La Flottila che non aiuta

Una fitta rete d’ostacoli marittimi e aerei blocca l’arrivo in Israele della Freedom Flotilla, lasciando Gaza e gli attivisti pro-Palestina con l’amaro in bocca.
Mentre Israele e la flotilla giocano a guardie-e-ladri tra mari e cieli, le semplici mosse per sbloccare Gaza si allontanano ulteriormente, mettendo in luce una giostra mediatica e politica che, invece di aiutare, ostacola il necessario cambiamento.

Secondo Sari Bashi, direttore esecutivo di Gisha “I residenti di Gaza non hanno bisogno di generi di prima necessità, ma di esportare e di viaggiare”.

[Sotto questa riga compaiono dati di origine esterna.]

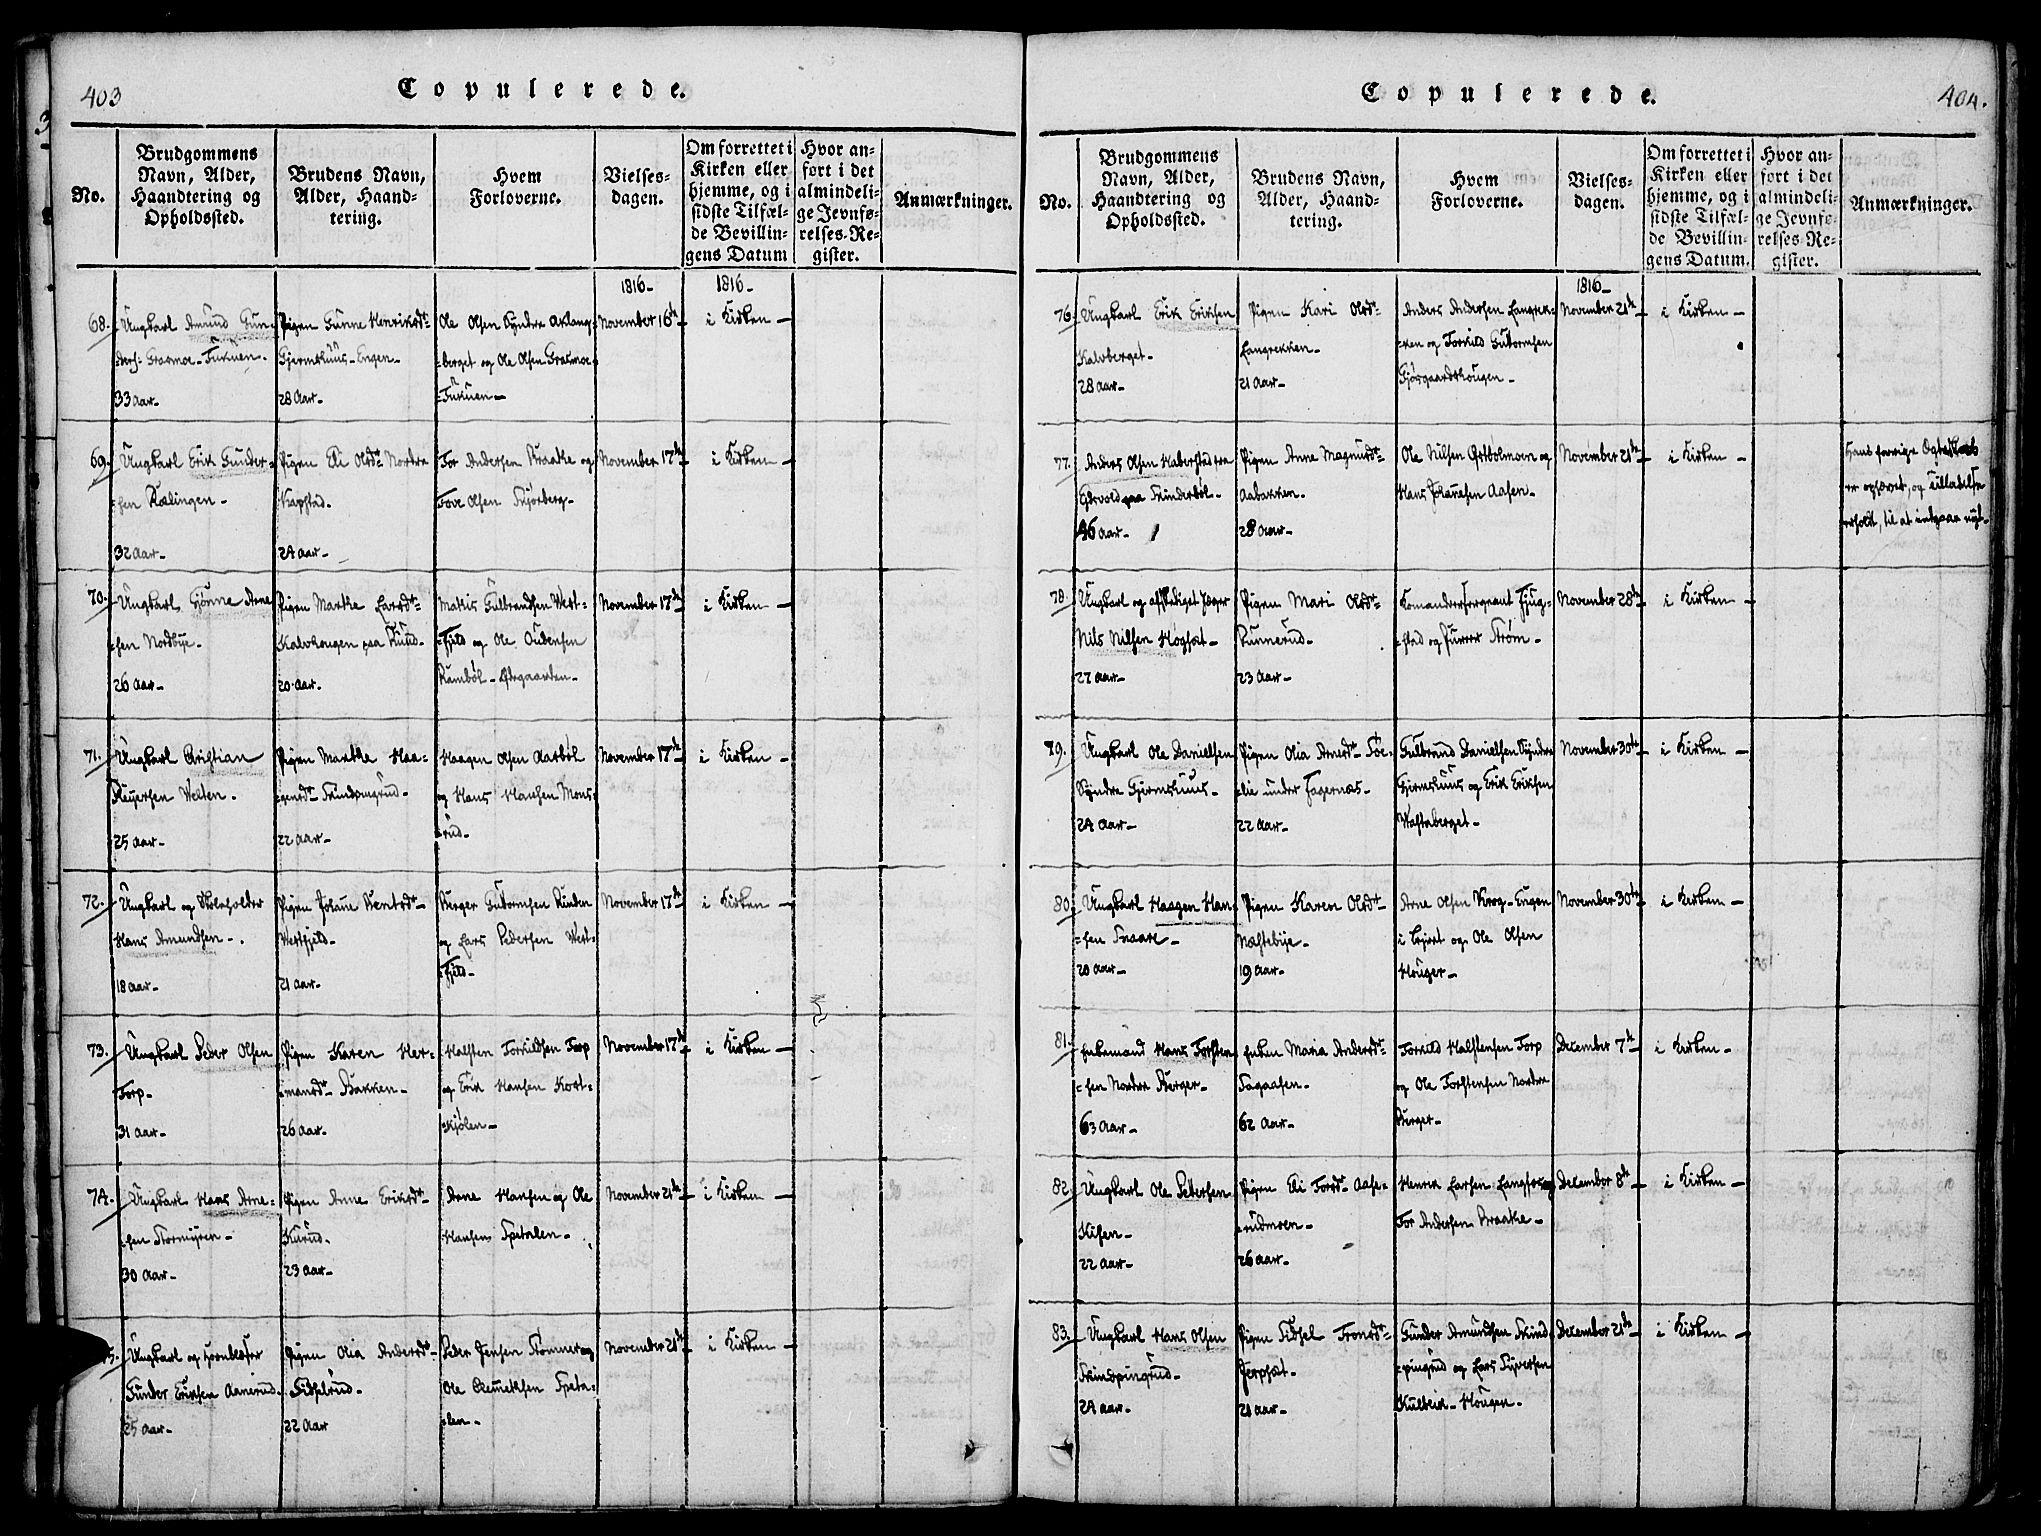 SAH, Vinger prestekontor, Ministerialbok nr. 6, 1814-1825, s. 403-404

Dal 1967, con l’occupazione della West Bank e della Striscia di Gaza, l’esercito israeliano ha sviluppato un complesso sistema di regole e sanzioni per controllare il movimento dei 3,4 milioni di palestinesi che vi abitano. Le restrizioni violano il fondamentale diritto dei palestinesi alla libertà di movimento.

Gisha, il cui nome significa sia “accesso” sia “approccio”, è un’organizzazione israeliana no-profit, gestita da accademici legali e professionisti – donne e uomini, arabi ed ebrei – il cui scopo è quello di proteggere la libertà di movimento dei palestinesi, specialmente dei residenti di Gaza, usando assistenza legale e sostegno pubblico.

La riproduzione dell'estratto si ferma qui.